BIOGRAPHY

Ari Friedlander

A person with brown hair and brown eyes looking into camera, they are wearing glasses

Ari Friedlander is Assistant Professor of English at the University of Mississippi. He is the author of Rogue Sexuality in Early Modern English Literature: Desire, Status and Biopolitics, published by Oxford University Press in 2022. For JEMCS: Journal for Early Modern Cultural Studies, he co-edited and wrote the introduction to a special issue called “Desiring History and Historicizing Desire.” Other publications on sexuality, gender, class, and disability, have appeared or are forthcoming in SEL: Studies in English LiteratureThe Oxford Handbook on Shakespeare and Embodiment, and Logomotives: Words that Change the Premodern World (Edinburgh University Press, 2023). His research has been supported by the Huntington Library, the Mellon Foundation, and the Volkswagen Stiftung.

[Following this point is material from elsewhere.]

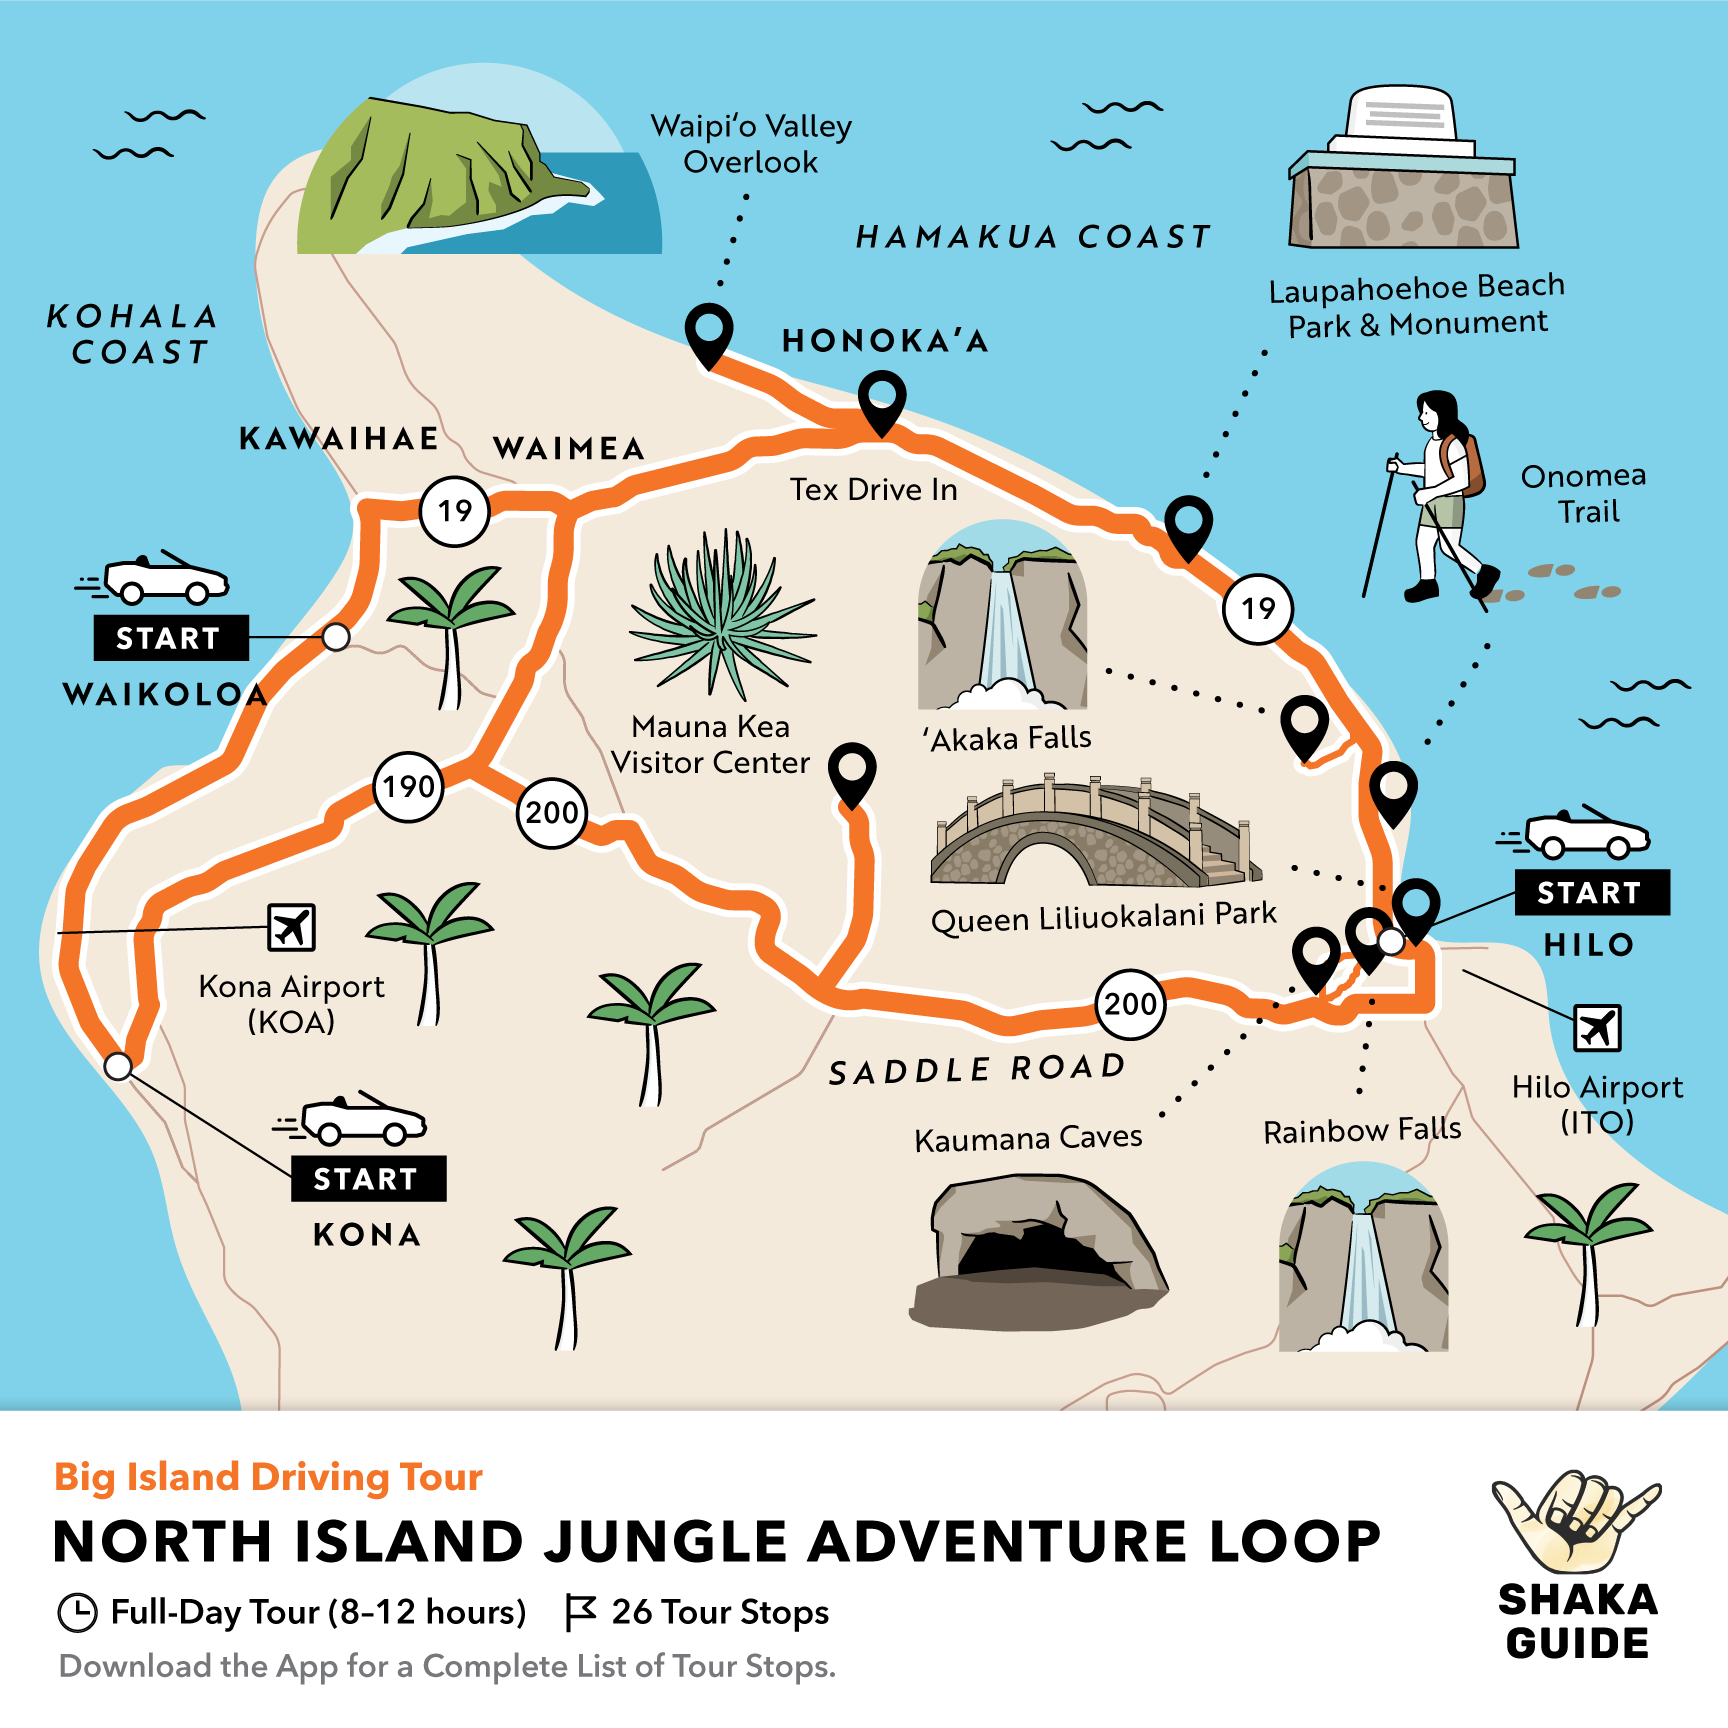 Shaka Guide's North Island Jungle Adventure Loop

He is currently at work on a second book, entitled Inventing Impotence: Disability, Sex, and Labor in Early Modern England, which uses the early modern legal category of impotence, the statutory standard that qualified one for parish poor relief, to reevaluate contemporary accounts of the evolution of disabled identity. The project makes two related claims: First, that a strong legal and political category of disabled identity began earlier than generally acknowledged, based in the Elizabethan poor laws and their cultural reception. Second, I argue that this notion of classed disability is intimately tied to the history of sexuality, as the poor were disciplined to perform sexual and economic potency. The project contends that disabled identity was a key part of the development of the multi-faceted modern political subjectivity: the invention of self-disciplined citizens that desire the kind of work, bodies, and political and economic outcomes amenable to the burgeoning modern state. In chapters on early modern legal anthologies, popular ballads, Shakespeare’s King Lear and second tetralogy, colonial literature and Richard Brome’s The Antipodes, and Milton’s poetry, impotence provides fuel to imagine and promote structures of desire and identity in depictions of socioeconomic difference, nationalism, religious devotion, and colonialism.